Players must manage their resources to play cards. Each card has a base cost and a loyalty cost – a base cost is the minimum that a card will cost the player (in resources) and the loyalty cost is a bonus that is reduced if other cards from the same suit are already in play.

Units (cards that can be placed on the board) can only be placed on a deployment location controlled by that player. Most unit cards have a single move per turn – and some units have special abilities that can usually only be cast once per turn. This creates a game play mechanic for the player where they must carefully manage not only the cards in their hand, but also the movement of their units on the game board while defending against the movements of their opponent.

Actions (cards that can be played directly from the hand) usually indicate a target, or sometimes have a global effect that affects all cards on the board.

Combat takes place when two units try to occupy the same position on the game board. A unit has a power number that determines how much damage it can deal and absorb. When a unit receives more damage than its power number, it is destroyed.
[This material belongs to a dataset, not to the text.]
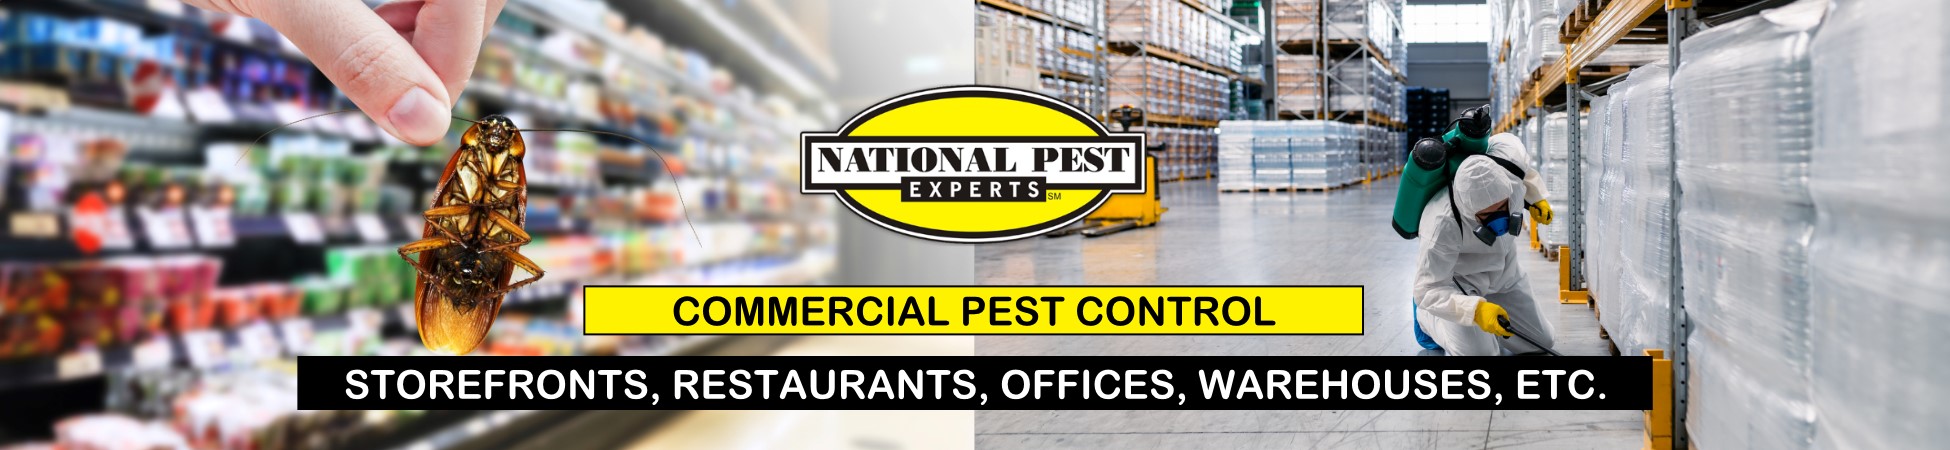 National Pest Experts - Commercial & Industrial exterminating and pest control in Commack, NY

Some units are given special abilities that modify their power.

===Deck construction===
Constructing a card deck is a significant part of gameplay in Cabals: Magic & Battle Cards. A deck may contain any number of cards but must maintain a minimum of 30 cards. There is a limit of three repeat cards per deck. Each deck includes a special Hero unit that has a powerful once-per-game ability. Cards that can be placed into a deck are limited by the special Hero unit that is chosen - meaning that some cards are available only to certain heroes, while other cards are prohibited.

==Reception==
Cassandra Khaw of TouchArcade gave Cabals: The Card Game a review of 4/5 stars, stating "Cabals is easy to grasp and surprisingly deep for something that can, at times, feel like a distilled version of the genre."

Adam Smith of Rock, Paper, Shotgun stated that "I do like the art style [though] and for some reason the use of a board makes this somehow more gripping. I reckon I'm either going to be addicted to it by the end of the month, or I'll have all but forgotten it exists."

Brad Cummings of BoardGameGeek gave Cabals: The Card Game a review of 4/5 stars, stating, "The cross-platform features generally work well, and it offers a lot of content at a low entry fee. The tactical play is a great direction to take deck building and makes the game about more than chaining combos."

Geoff Gibson of DIY Gamer gave Cabals: The Card Game a generally positive review (no ranking), stating, "Anybody who enjoys card games should get a kick out of Cabals, especially because of its very detailed card designs."